Reactions: Like 4 | Way Cool 2


----------



## Texasstate (May 22, 2018)

Can’t wait to see more pics 
What are you gonna do for legs


----------



## lonewolf (May 22, 2018)

Texasstate said:


> Can’t wait to see more pics
> What are you gonna do for legs


Still working final leg design. But won't be hairpin lol


----------



## Texasstate (May 22, 2018)

Let us know and try and take pics through out the build 
Would love to see how you Joint them together

Reactions: Agree 2


----------



## phinds (May 22, 2018)

Martin, I keep doing the calculation, thinking I must have it wrong but every time I do it I come out w/ the table weighing 500+lbs even before you add legs. Gadzooks !


----------



## lonewolf (May 22, 2018)

Yea according to trucking paper work they were just under 1000 with pallet.


----------



## rocky1 (May 22, 2018)

That's a big table!


----------



## pinky (May 22, 2018)

Where did you get them from and are they dry?


----------



## phinds (May 22, 2018)

I predict that 2 of the 6 guys carrying it will get a hernia

Reactions: Agree 1 | Funny 3


----------



## lonewolf (May 22, 2018)

pinky said:


> Where did you get them from and are they dry?
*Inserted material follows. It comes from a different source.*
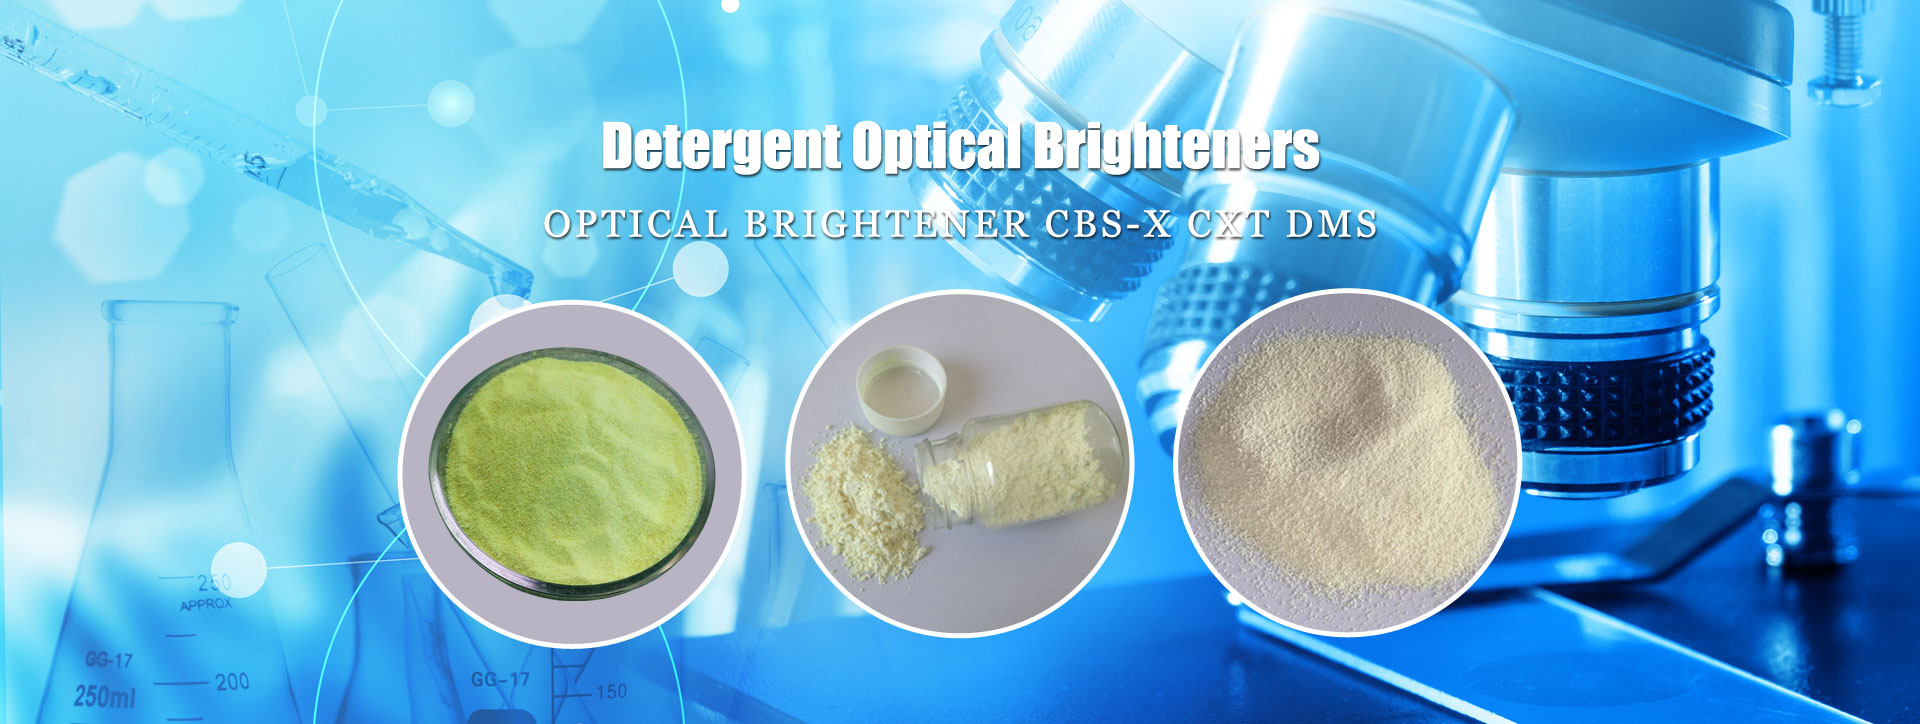 Detergent Optical Brighteners

Yea dry ,came out of Indiana.


----------



## Lou Currier (May 22, 2018)




----------



## Nature Man (May 22, 2018)

Where are you going to put a table that size? It will be amazing! Chuck

Reactions: Agree 1


----------



## woodtickgreg (May 22, 2018)



Reactions: Agree 1


----------



## lonewolf (Aug 10, 2018)

Here's a progress photo .

Reactions: Like 3 | Way Cool 1


----------



## Tony (Aug 10, 2018)

Just saw this thread, this is going to be cool!


----------



## Jason Martin (Aug 11, 2018)

can't wait to see the process!


----------



## barry richardson (Aug 11, 2018)

Looks like a pretty gap in that glue joint, might need bigger clamps seriously that's going to be a heck of a table, what are you doing for the base?


----------



## lonewolf (Aug 11, 2018)

barry richardson said:


> Looks like a pretty gap in that glue joint, might need bigger clamps seriously that's going to be a heck of a table, what are you doing for the base?


Not to worry we are using gap filling glue. 
There will be a double rail trestle style base.

Reactions: Like 2


----------



## Chris S. (Aug 14, 2018)

Cant wait to see finished table and thank god no hairpin legs. Those POS's should be banned from being sold. To many people buy a slab and screw those onto it and say look, I am a woodworker and I made a slab table. 

Going to be great project. We all will be watching this one for sure.


----------